双样本T检验代码, 对应数学原理 https://online.stat.psu.edu/stat415/lesson/11/11.2
import numpy as np # noqa
from scipy import stats
from scipy.stats import beta
base_param = (73, 11737-73) # (点击, 未点击)
exp_params = [ # (点击, 未点击)
(56, 11362-56),
(73, 11393-73),
(73, 11693-73),
(82, 11451-82),
(73, 11737-73), # 完全相同
(173, 11737-173), # 完全不同
]
def confidence(n_bad, n_good, tol=2):
''' 返回估计的坏率p, 以及在tol倍标准差下的可信度'''
a, b = n_bad+1, n_good+1
p = a / (a+b)
v = beta.std(a, b)
up, low = min(1, p + v*tol), max(0, p - v*tol)
d = beta.cdf(up, a, b) - beta.cdf(low, a, b)
return p, v, d
# T检验
mean1, std1 = confidence(*base_param)[:2]
nobs1 = sum(base_param)
for exp_param in exp_params:
mean2, std2 = confidence(*exp_param)[:2]
nobs2 = sum(exp_param)
t, p = stats.ttest_ind_from_stats(mean1, std1, nobs1, mean2, std2, nobs2, equal_var=False)
print(f"基线{base_param}, 实验{exp_param} t-value: {t:.5f}, p-value: {p:.5f}")
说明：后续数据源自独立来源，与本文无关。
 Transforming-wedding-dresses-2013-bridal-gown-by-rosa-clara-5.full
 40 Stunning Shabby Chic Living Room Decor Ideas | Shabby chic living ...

# 验证数学原理中介绍的例子 https://online.stat.psu.edu/stat415/lesson/11/11.2
mean1, std1, nobs1, mean2, std2, nobs2 = 105.5, 20.1, 34, 90.9, 12.2, 29
t, p = stats.ttest_ind_from_stats(mean1, std1, nobs1, mean2, std2, nobs2, equal_var=False)
print(f"t-value: {t:.5f}, p-value: {p:.5f}")
# 以下是 chatgpt 提供的代码例子, 只修改了输入
# # 生成两个服从beta分布的样本
# sample1 = np.random.beta(73 + 1, 11737-73 + 1, size=11737)
# sample2 = np.random.beta(82 + 1, 11451-82 + 1, size=11451)
# # 计算样本均值和标准差
# mean1, mean2 = np.mean(sample1), np.mean(sample2)
# std1, std2 = np.std(sample1, ddof=1), np.std(sample2, ddof=1)
# # 计算t值和p值
# t, p = stats.ttest_ind(sample1, sample2, equal_var=False)
# # 输出结果
# print("Sample 1 mean: {:.5f}, standard deviation: {:.5f}".format(mean1, std1))
# print("Sample 2 mean: {:.5f}, standard deviation: {:.5f}".format(mean2, std2))
# print("t-value: {:.5f}, p-value: {:.5f}".format(t, p))
# 在这个例子中,我们生成了两个服从beta分布的样本,并使用scipy.stats模块中的ttest_ind函数来计算t值和p值。注意,我们还计算了样本均值和标准差,这些值可以用于检查假设条件是否成立。